O mistério da chuteira de Neymar

Neymar recebeu no último sábado (08) seu primeiro cartão vermelho em uma partida do Barcelona. Foi expulso em derrota para o Málaga por 2 a 0, válida pelo Campeonato Espanhol, após ter cometido falta dura em Llorente, aplaudiu o árbitro de forma irônica e pode até perder o clássico contra o Real Madrid por causa do lance. No entanto, não foi esse o episódio mais polêmico envolvendo o brasileiro na partida. O que tem provocado mais discussão na Espanha é o primeiro amarelo recebido pelo atacante, ainda na etapa inicial, por se abaixar para amarrar as chuteiras e impedir uma cobrança de falta dos rivais. Foi cera, estratégia ou ação de marketing?

É fundamentalmente esse o questionamento que tem sido feito pelo jornal catalão “Mundo Deportivo”. No domingo (09), a publicação apresentou um relatório sobre a relação de Neymar com as chuteiras. O atacante teve de amarrar ou trocar os calçados durante as partidas em seis jogos neste ano – foi assim nas últimas quatro apresentações do Barcelona.

Em 1970, Pelé abaixou-se para amarrar as chuteiras antes do início da decisão da Copa. Aquela cena, filmada e veiculada em todo o planeta, foi emblemática: o jogador mais importante do mundo, antes da partida mais relevante daquela temporada. Todos olhavam para o Rei, que calmamente cruzava cadarços de um modelo predominantemente preto da marca Puma. Ainda que isso tenha sido desmentido, era uma ação de marketing da fabricante de material esportivo, altamente interessada naquele momento de atenção total para seu logotipo.

Há outros episódios, certamente, no futebol e em outras modalidades. Não é novidade que as marcas tentem se aproveitar dos momentos de maior exibição das personalidades em que elas investem. Neymar é um ativo da fabricante de material esportivo Nike, que tem no brasileiro um de seus pilares de comunicação e possui uma justa missão de buscar caminhos para obter retorno com o investimento.

Caso a ação de Neymar tenha acontecido a pedido da Nike, portanto, não será exatamente uma novidade. Não será algo inusitado sequer na biografia do brasileiro – ele já esteve envolvido em polêmica similar quando saiu de algumas partidas sem camisa, com calções abaixados, deixando à mostra as cuecas esportivas da marca Lupo.

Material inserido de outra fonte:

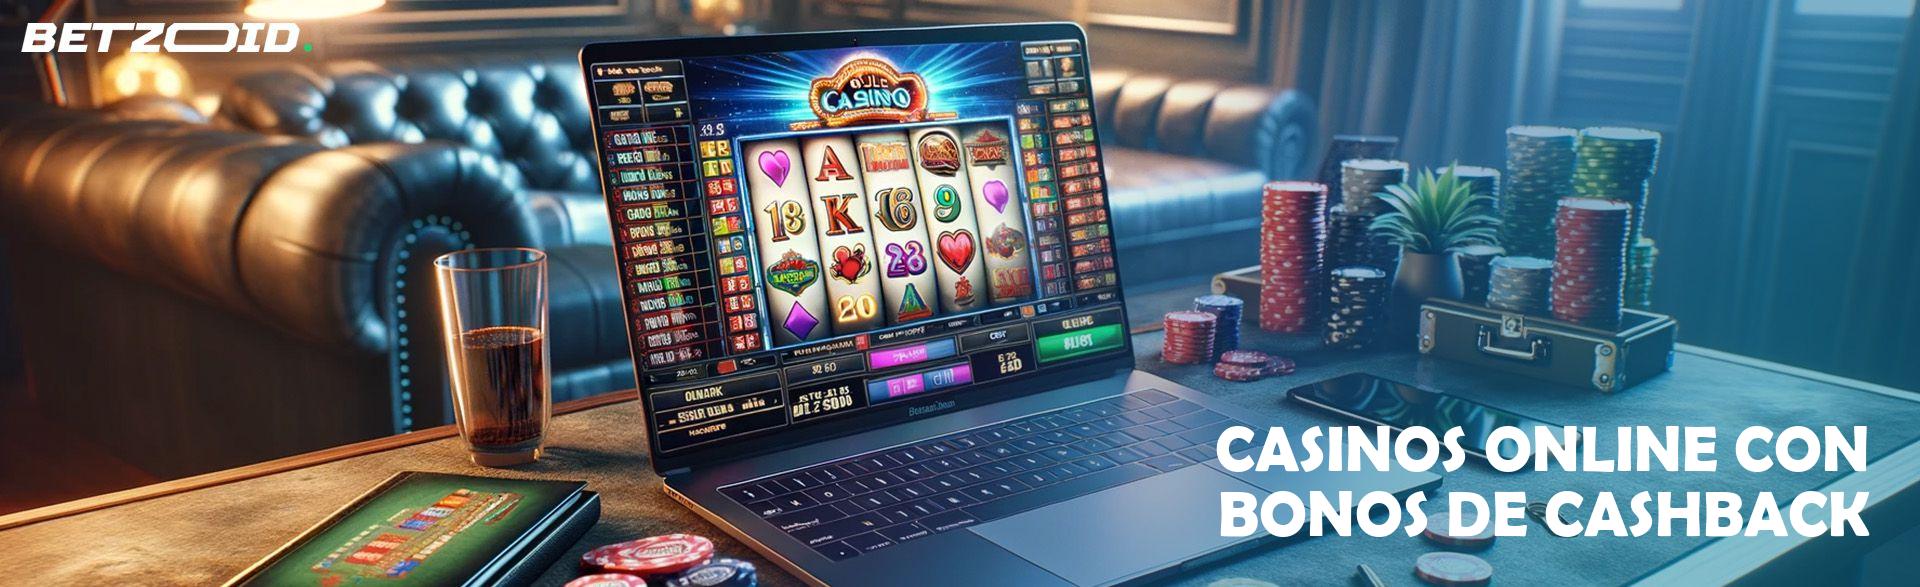 Casinos Online con Bonos de Cashback.

O grande questionamento nesse caso é a credibilidade das ações de um porta-voz. Neymar é uma estrela e tem ascendência inexplicável sobre uma camada gigantesca da população que aprecia futebol. Não é apenas um bom jogador, mas um bom embaixador. A relação de adoração que muitas crianças têm com o brasileiro é algo que não se fabrica. A combinação de talento, protagonismo e carisma, porém, perde muita força se abdicar da autenticidade.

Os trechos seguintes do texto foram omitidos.